You are certainly welcome to change your mind. And I think just letting his message go to voicemail is no problem whatsoever, and texting back with a note about preferring to text.

I do think it wouldn't hurt to give the guy a chance. "Cute" and "nice" are actually quite big bonuses, and that whole "spark" thing can happen later. Or maybe it won't. Or maybe you don't want to give him a chance, which is also fine, but to be fair you need to tell him as soon as possible.
posted by Glinn at 9:04 AM on April 2, 2012


Originally I thought your question was "how do I get out of talking on the phone" but further reading makes me think it's actually "how do I get out of talking on the phone with someone I'm not interested in?" And the answer is that you can either espond back to his text with a "thanks but not interested" or email him on the site with the same.

If you're really on the fence about seeing him again, which was where my original response was going, you can just say "I'm not big on the phone, let's text instead?" and go from there.

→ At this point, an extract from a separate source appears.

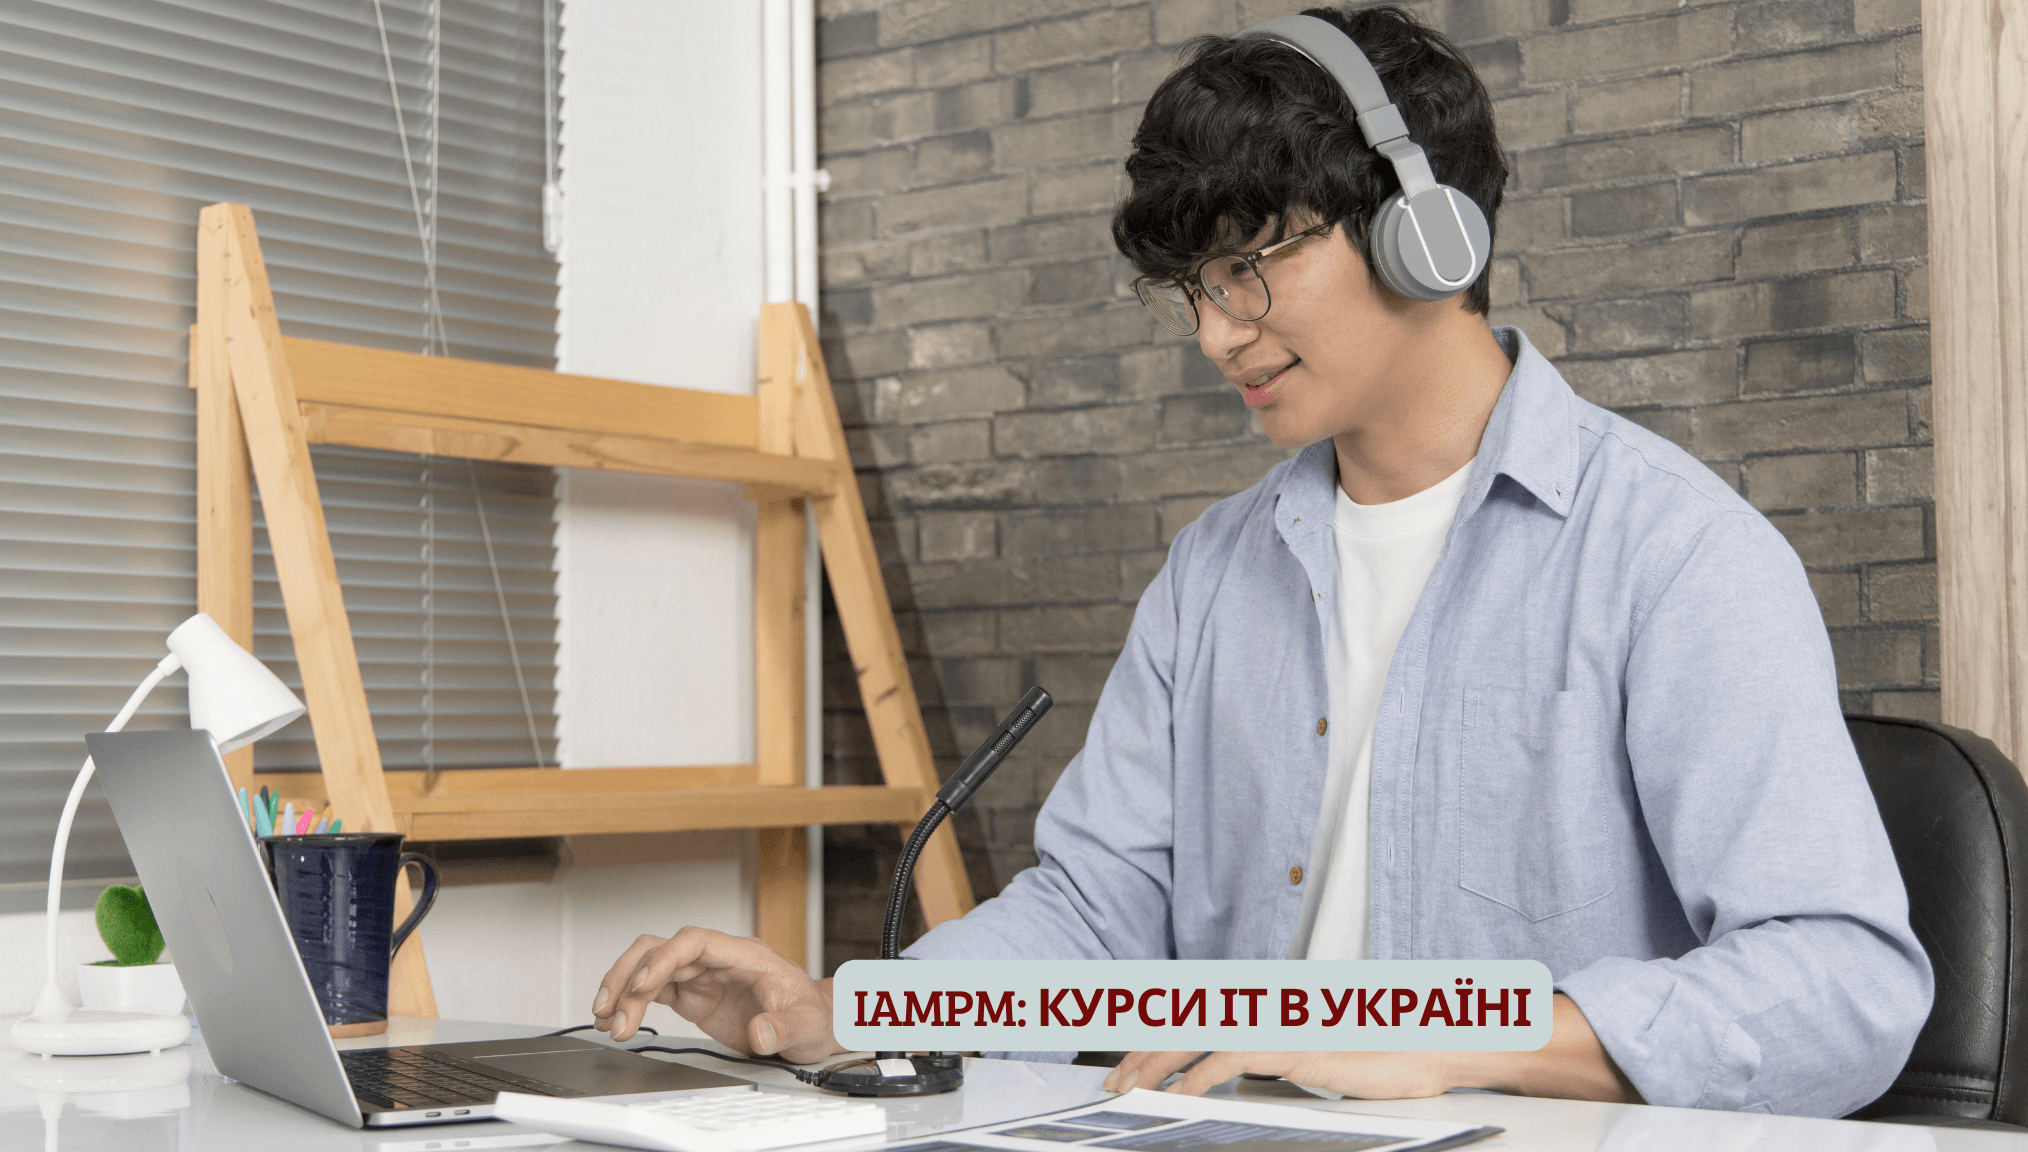 IAMPM: курси ІТ в Україні, ІТ-курси, записатися, ціни, відгуки, онлайн, нетехнічне ІТ, Україна
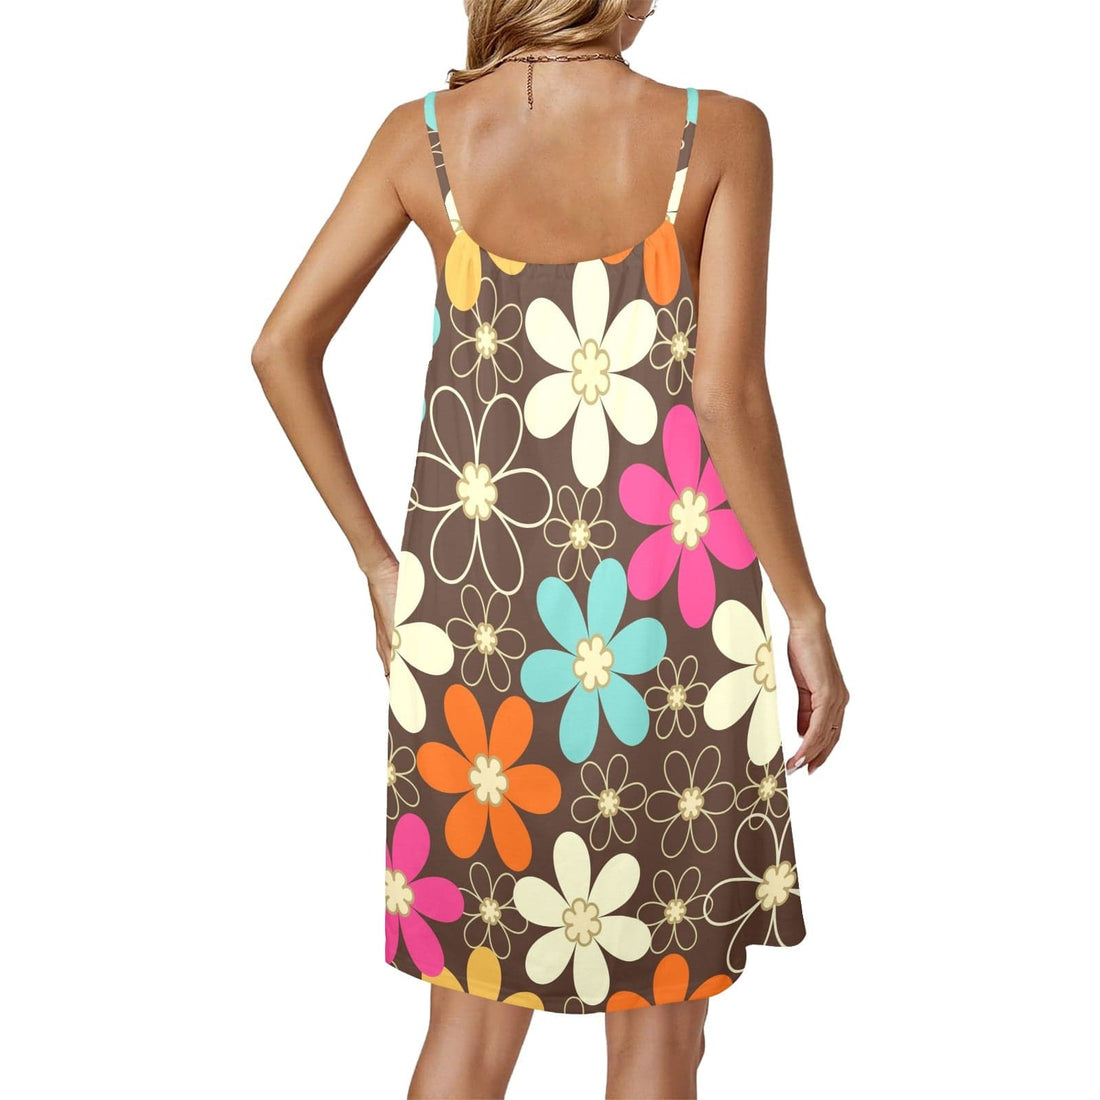 Kate McEnroe New York Retro Floral Drawstring Dress, 60s Sleeveless Summer Dress, Mid Century Mod Flower Power Party DressDressesD2924460

Some people are put off by that, some poeple aren't, but either way you're not obligated for another date until you've gotten to know him enough to make a decision one way or the other -- and vice versa for him; you don't know if he's calling you to ask for another date, to tell you there's no spark (oh yes, I got that one before), or just to get to know you better.
posted by sm1tten at 9:19 AM on April 2, 2012


Response by poster: Ok, so I emailed him and said that I don't like talking on the phone. He then texted me to say he hated phones too. Yay!